* WORK ORDER *
Output the full listing exactly as written, with no pictures in it.

* INFORMATION SHOWN *
:::
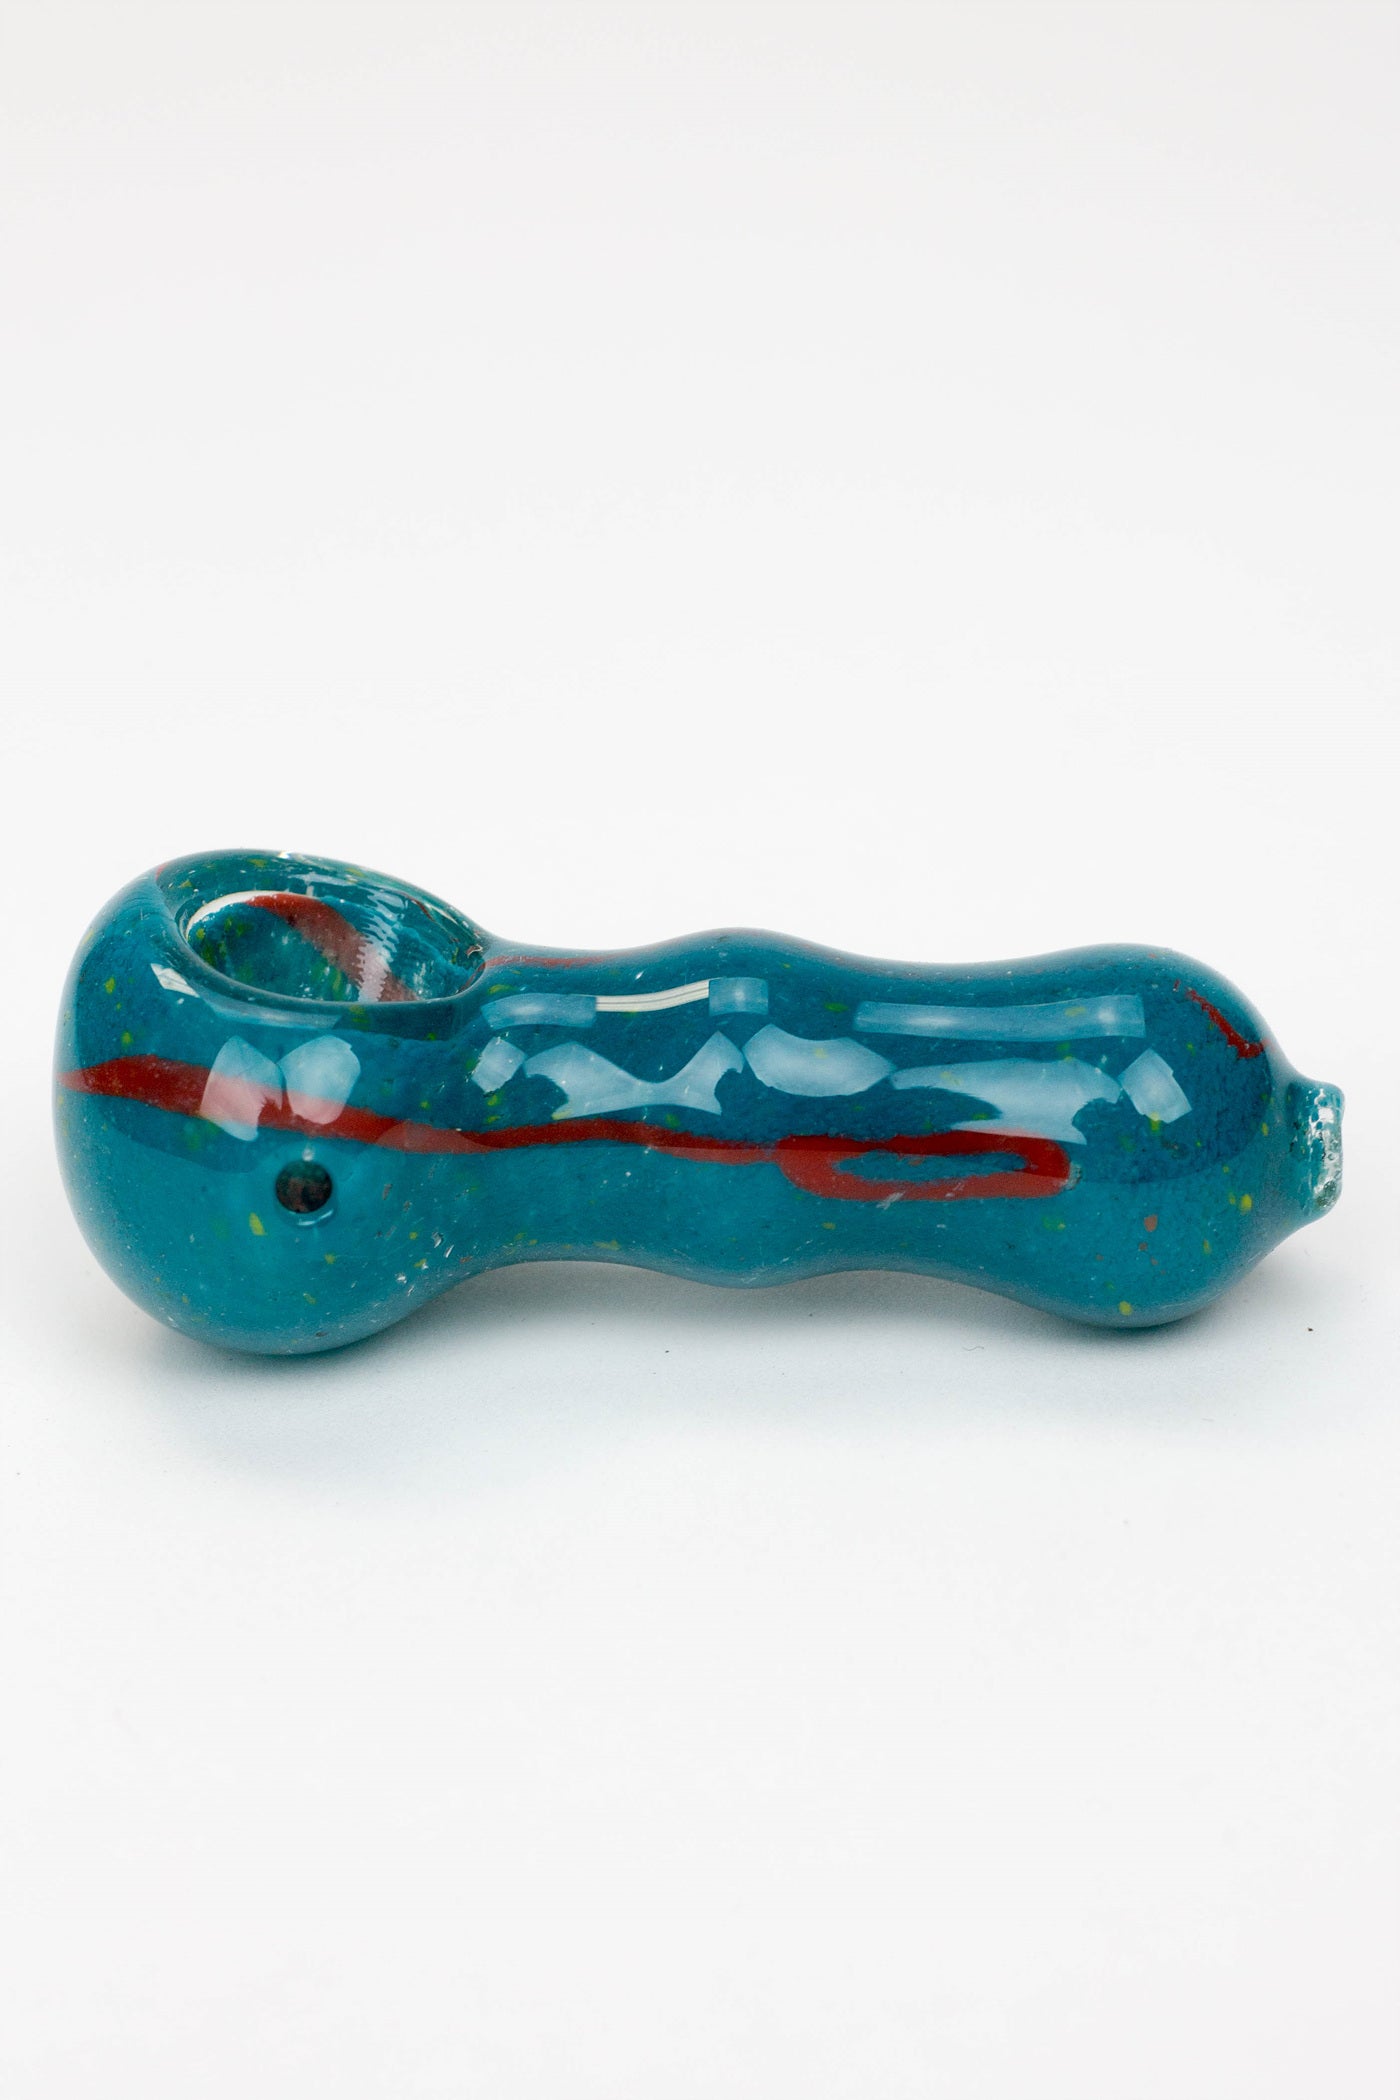 3" Soft glass 8550 hand pipe_4
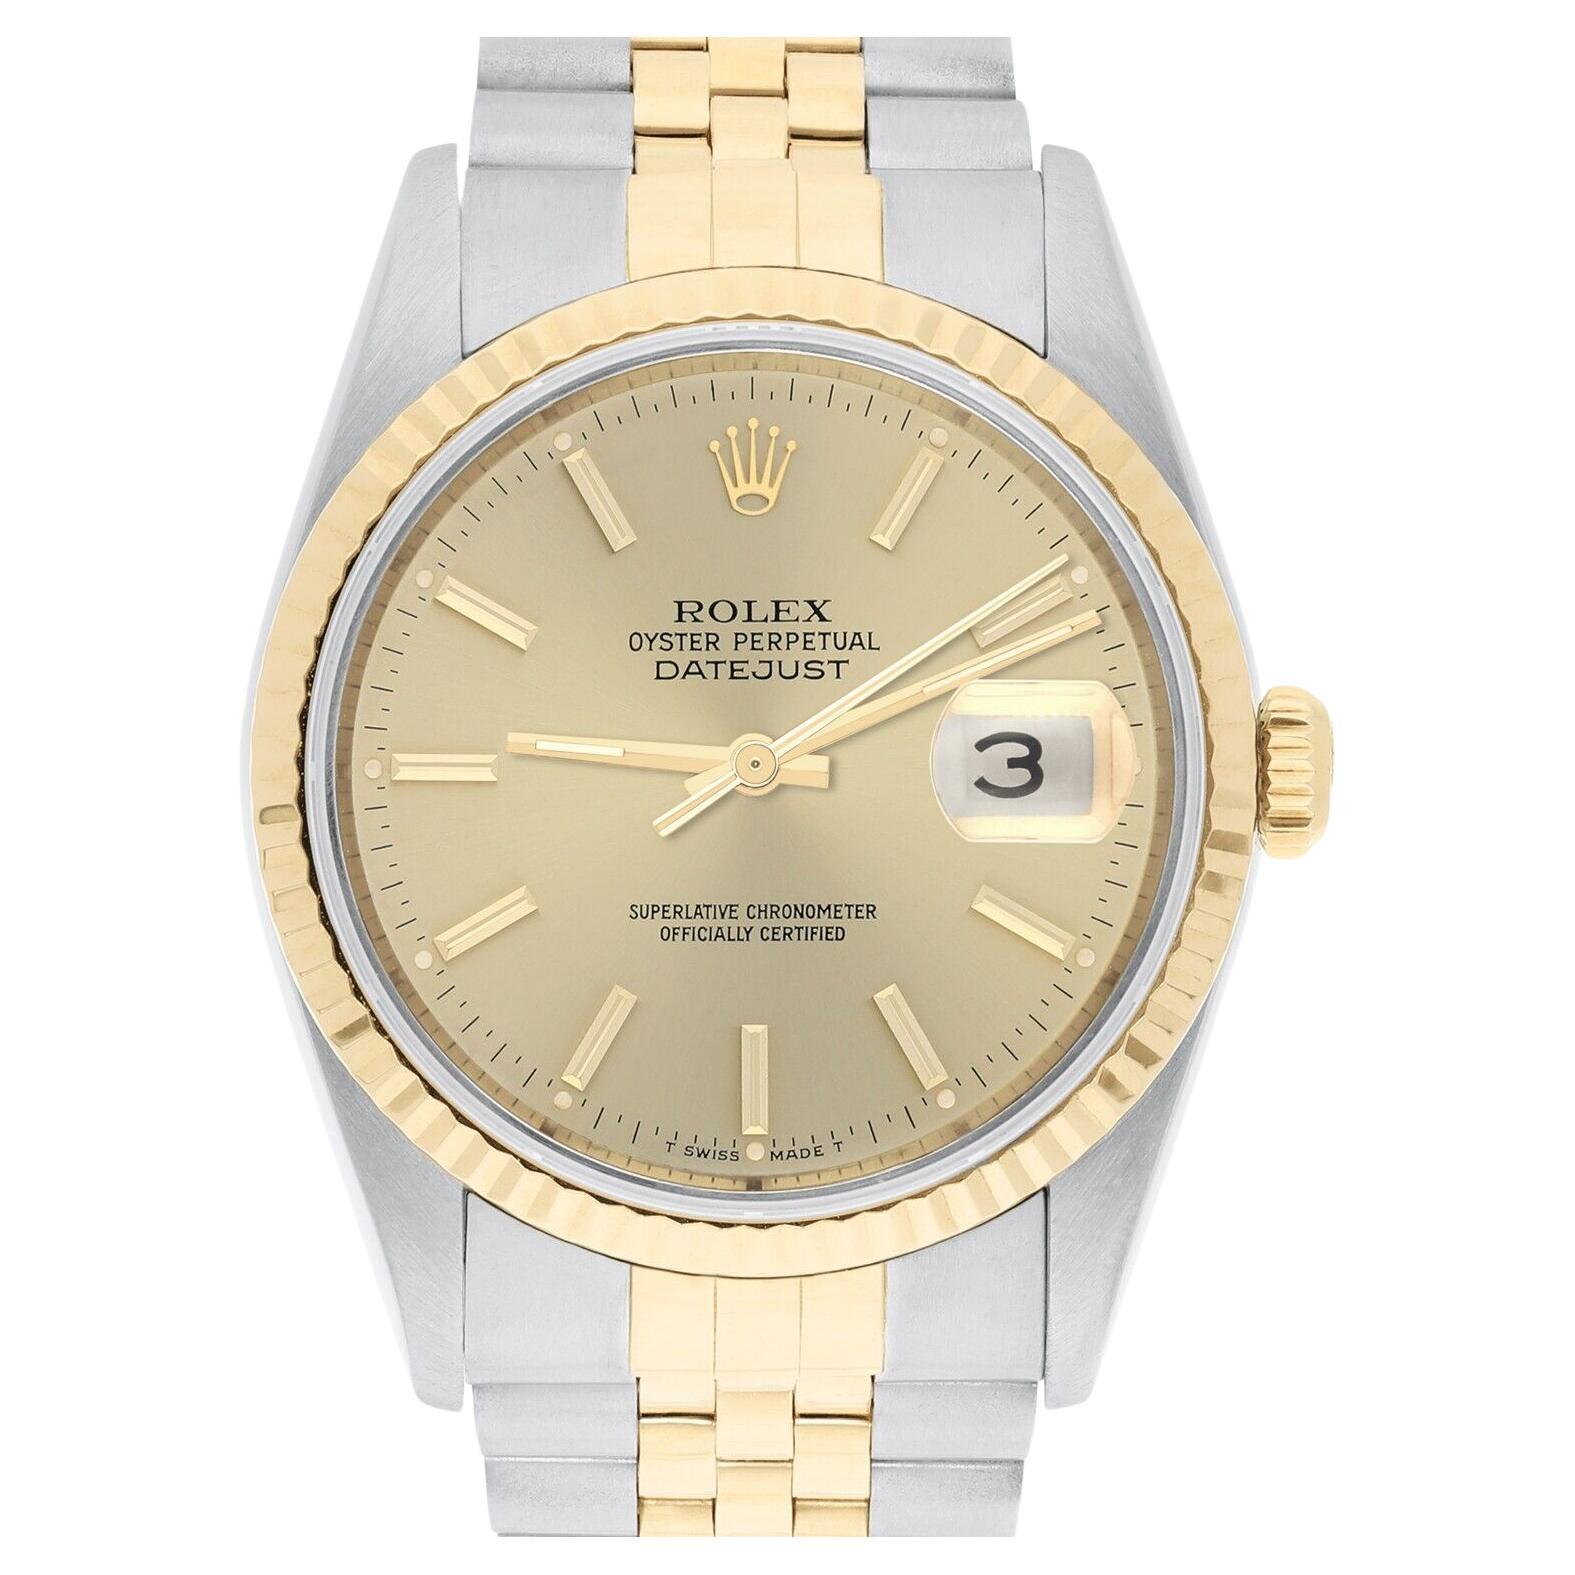 Rolex Datejust 36mm Two Tone Champagne Index Dial Jubilee 16233 Circa 2000 For Sale
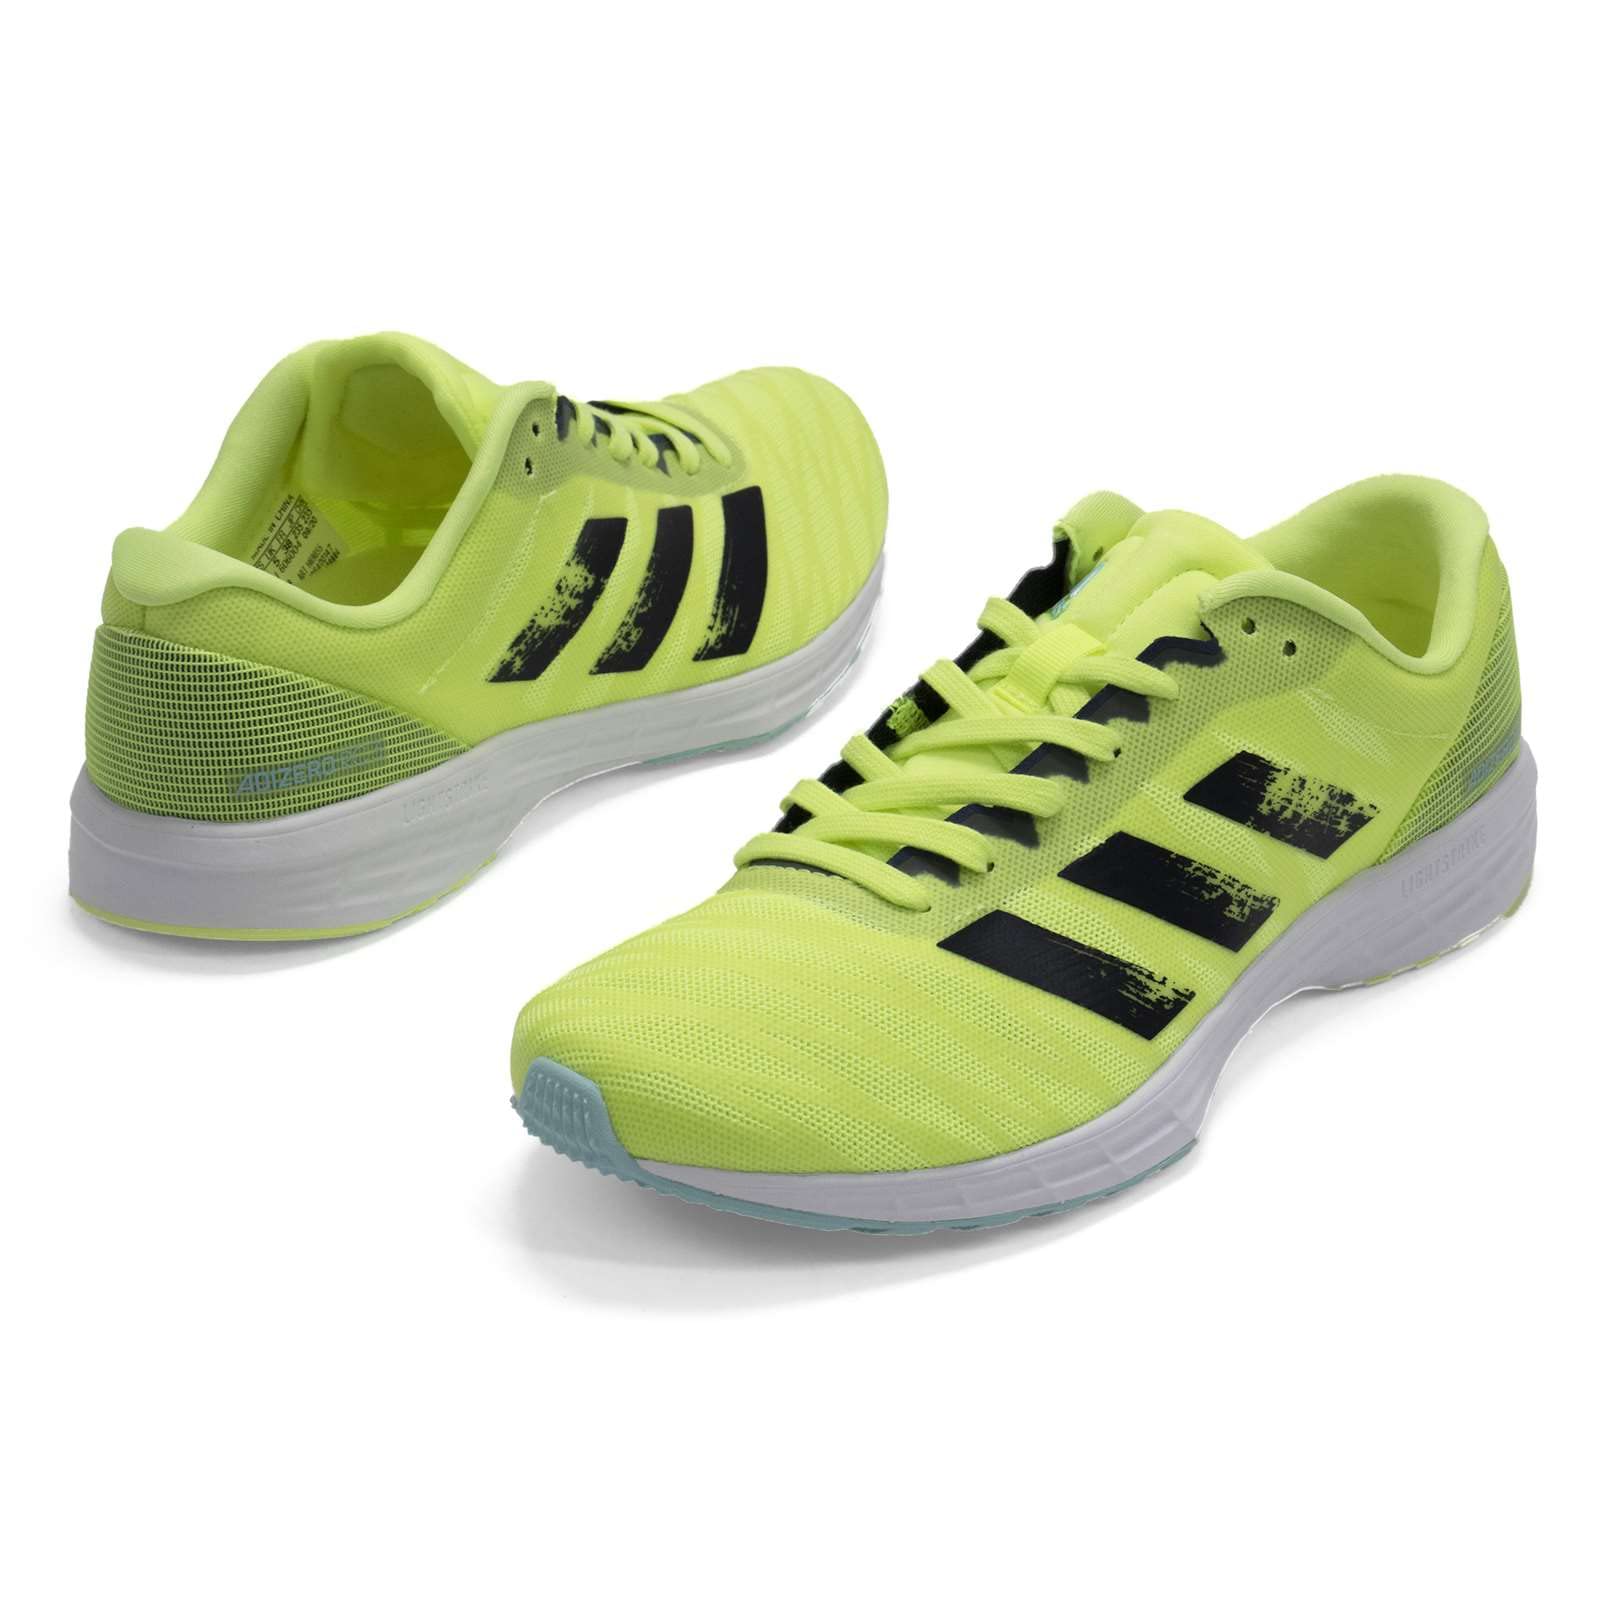 adidas Womens Adizero Rc 3 Running Sneakers Shoes - Yellow - Size 11 M
:::
* RESPONSE BOX *
 3" Soft glass 8550 hand pipe_4
 Rolex Datejust 36mm Two Tone Champagne Index Dial Jubilee 16233 Circa 2000 For Sale
 adidas Womens Adizero Rc 3 Running Sneakers Shoes - Yellow - Size 11 M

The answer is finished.